2. The structure of claim 1 and said anchor means comprising a pair of separately formed anchor blocks secured to opposite sides of each upstanding plate.

3. The structure of claim 2 and plural substantially horizontal shear bolts extending through each upstanding plate and the anchor blocks on the opposite sides of each plate and being disposed substantially at right angles to said long tension bolts.

4. The structure of claim 3 and said tension bolts including a laterally spaced pair of tension bolts on opposite sides of each upstanding plate, said plural shear bolts including pairs of shear bolts arranged substantially in a horizontal row near the lower ends of the tension bolts and with the shear bolts of each pair on opposite sides of the tension bolts in straddling relation thereto.

5. The structure of claim 1 and each upstanding plate provided in its upper edge with a notch, each journal block seated within one of said notches and projecting on opposite sides of the upstanding plate and welded to the opposite sides of the plate substantially around the margins of the notch in said plate.

6. The structure of claim 1 and journal bushings engaging telescopically over said shaft end portions and lying between the shaft end portions and said journal blocks and caps.

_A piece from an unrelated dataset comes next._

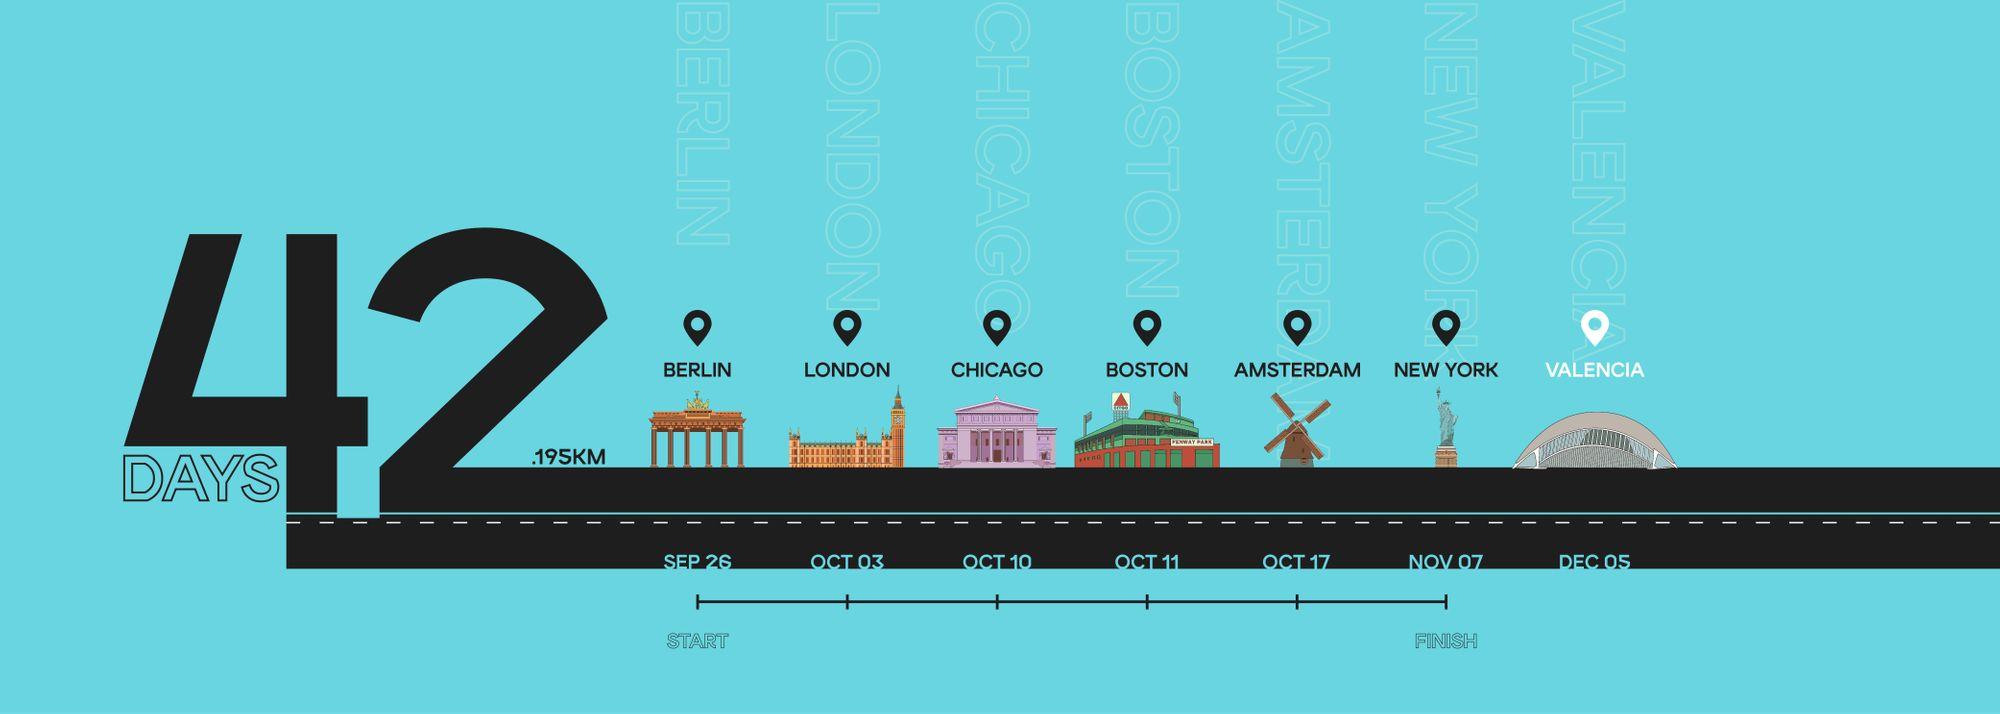 Big city marathon action returns later this week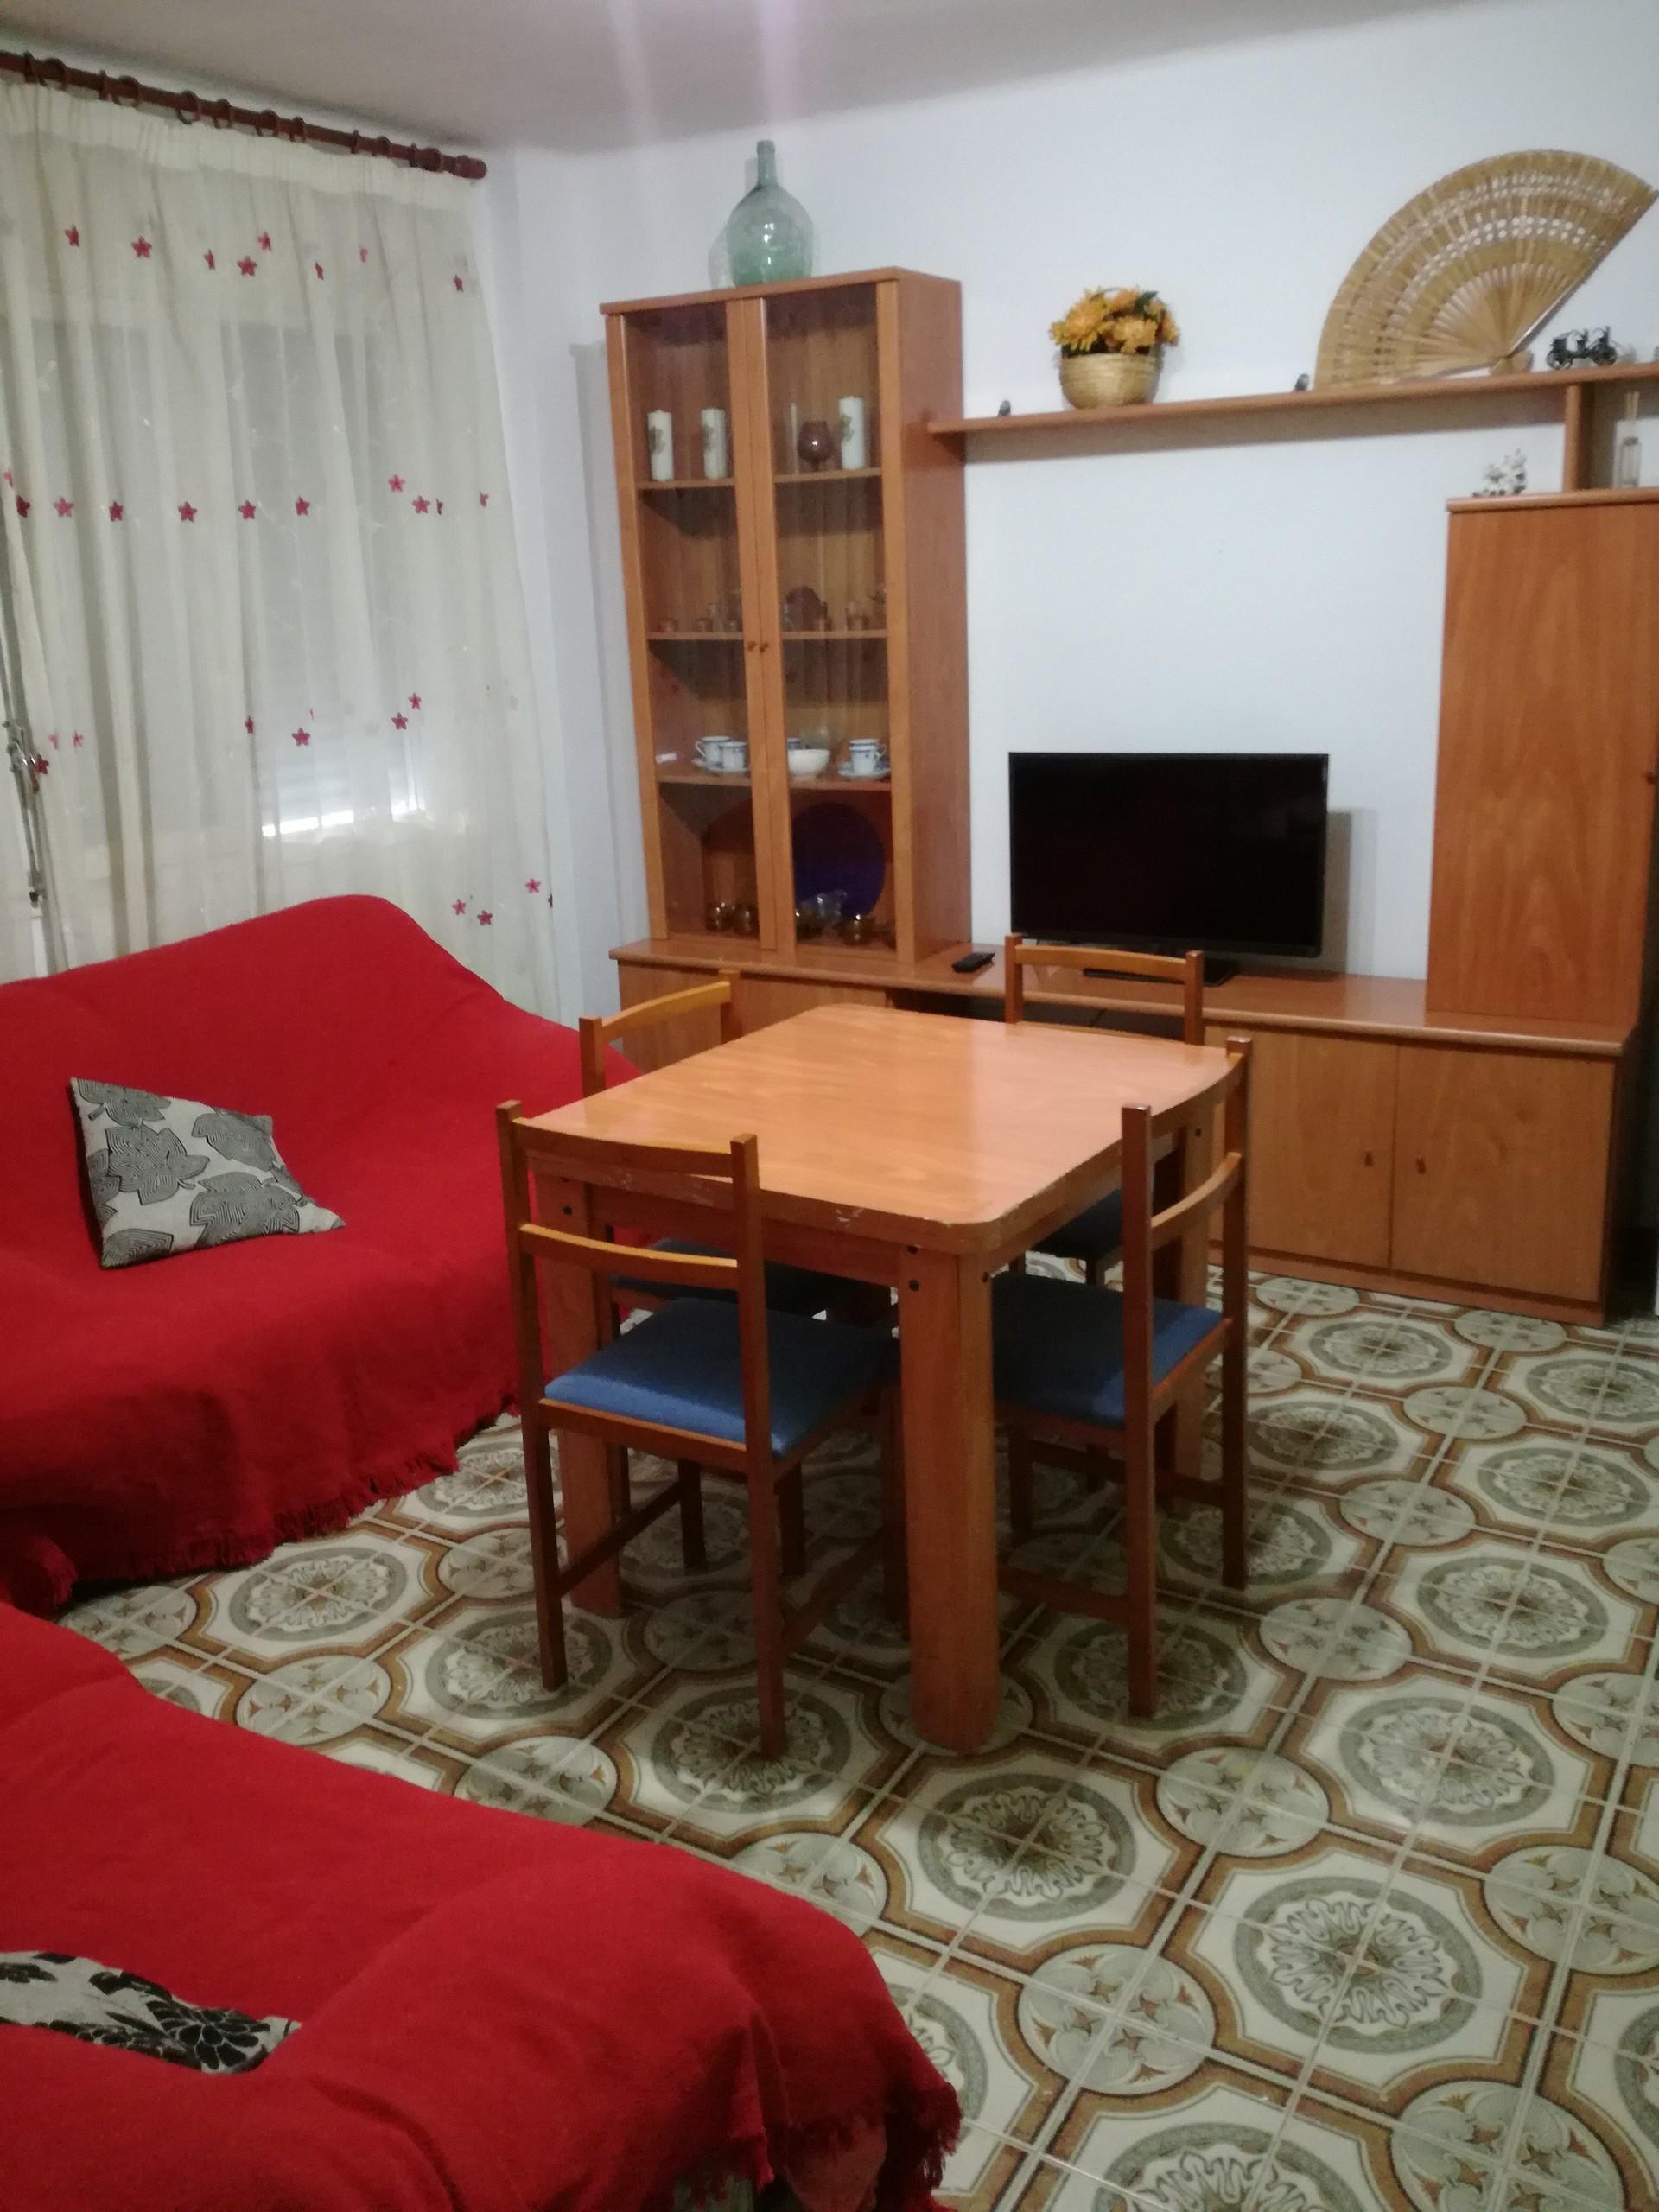 Alquiler de habitaci n en cerdanyola del vall s barcelona alquiler habitaciones barber del - Muebles barbera del valles ...

7. The structure of claim 6 and radial flanges on the interior ends of said bushings and disposed between the sides of the crane boom and the inner sides of the journal blocks and serving as thrust bearings and maintaining the boom centered with respect to the upstanding plates and journal blocks.

8. The structure of claim 7 and a keying means interconnecting each bushing and the adjacent shaft journal and resisting rotation of the bushing relative to the journal and assuring that the shaft end portions will turn within the bushings.

9. The structure of claim 1 and said crane boom including a lower side box projection near its base, the main pivot shaft extending transversely through said box projection and the box projection engaging between the upstanding plates and journal blocks, an interior anchor block within said box projection near the transverse center of the boom, and a locking pin engaging through the box projection, interior anchor block and said main pivot shaft to lock the main pivot shaft to the boom so that it will pivot with the boom and will be held against axial displacement relative to the boom, said pivot shaft, interior anchor block and box projection having registering openings for said locking pin.

10. The structure of claim 4 and said nuts on the long tension bolts being on the lower ends of the tension bolts below the bottom faces of said anchor blocks.